*Exercise data*.
###

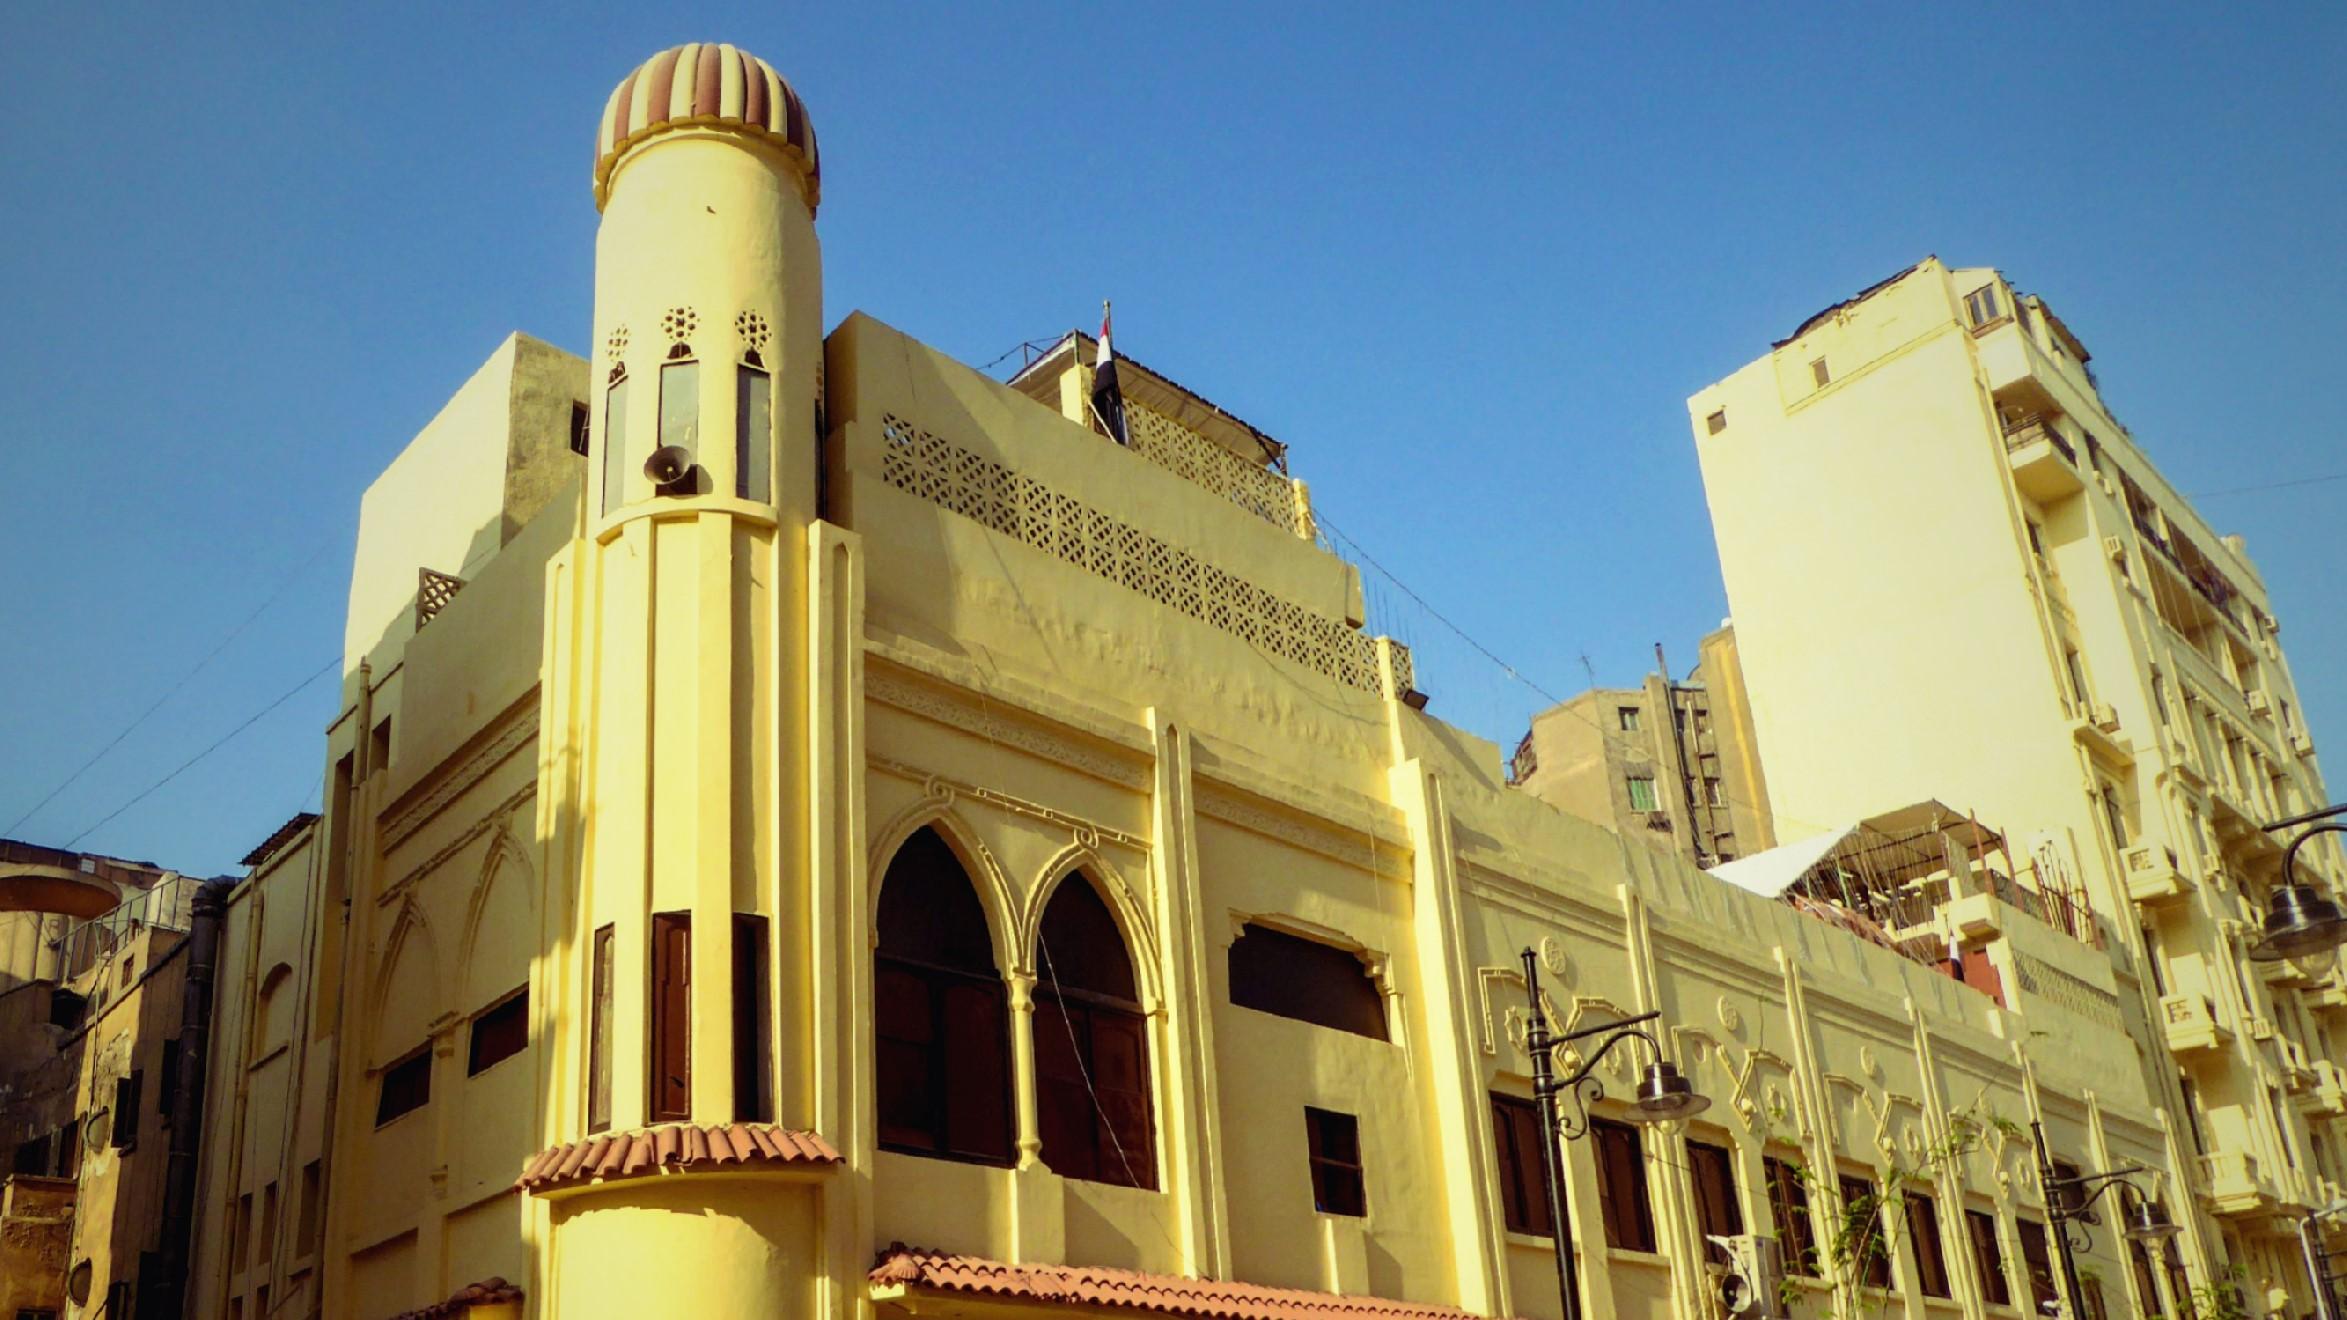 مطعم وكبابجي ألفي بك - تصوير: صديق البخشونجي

###

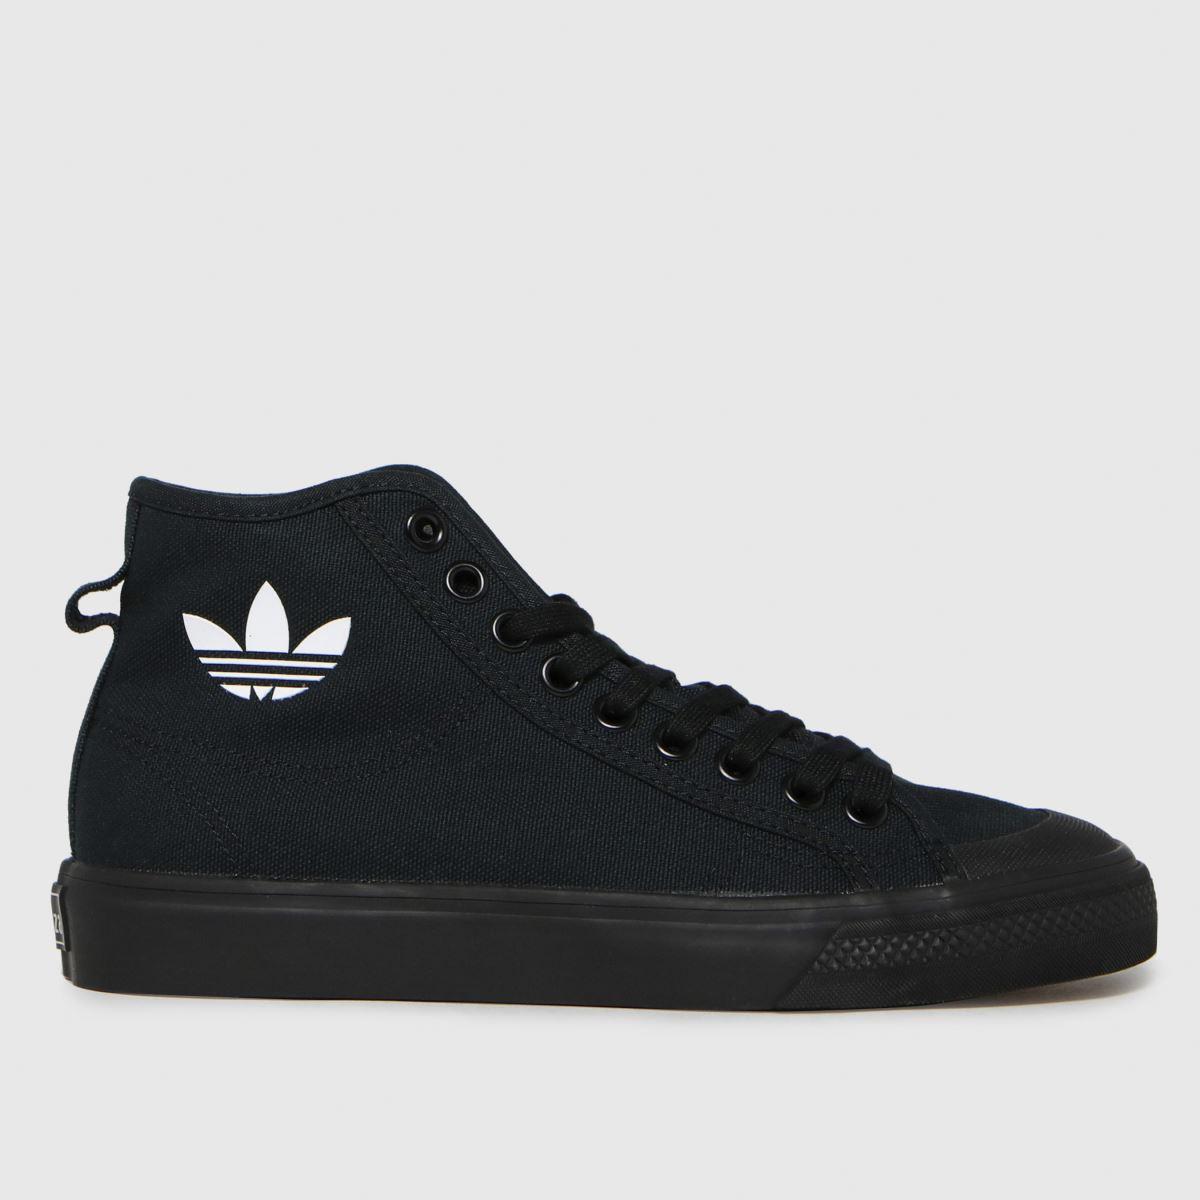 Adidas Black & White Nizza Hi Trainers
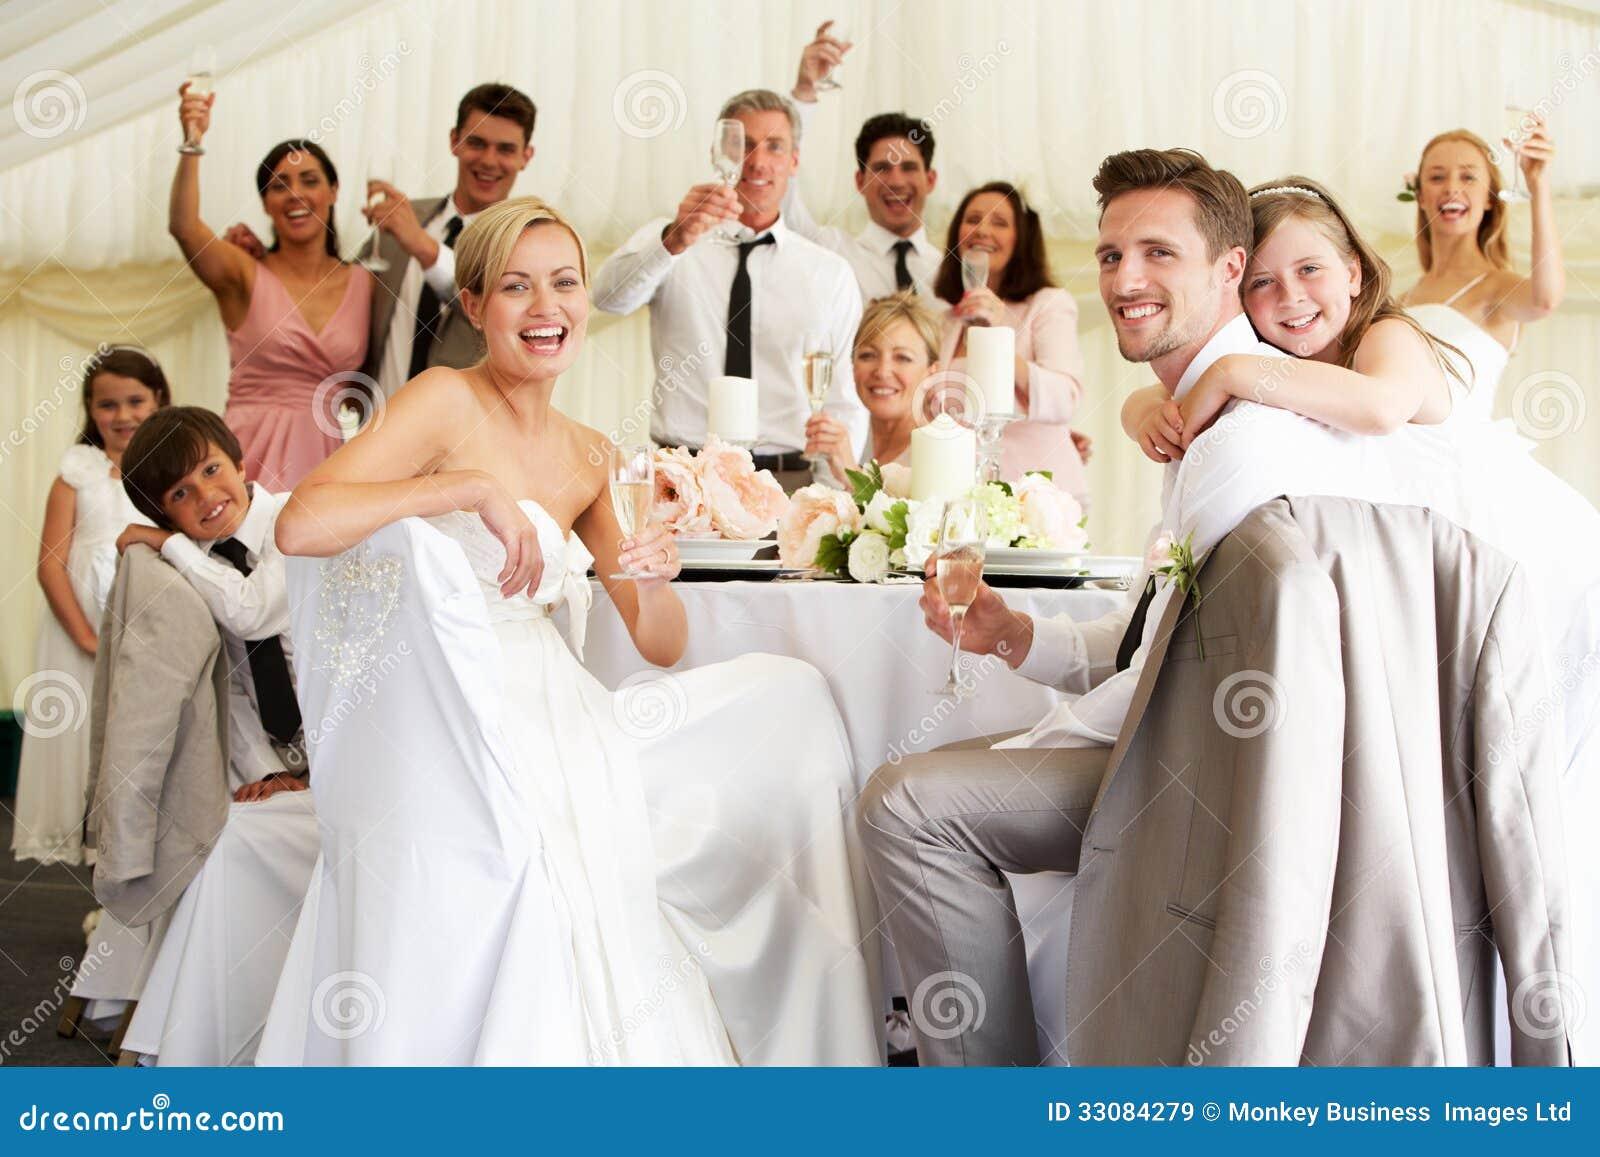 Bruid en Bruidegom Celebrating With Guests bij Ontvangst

###

*Your assignment*. Your copy should hold only the lines above from the one containing "Adidas Black & White Nizza Hi Trainers" through the one containing "Bruid en Bruidegom", exactly as written and free of pictures.

*Response to this task*.
 Adidas Black & White Nizza Hi Trainers
 Bruid en Bruidegom Celebrating With Guests bij Ontvangst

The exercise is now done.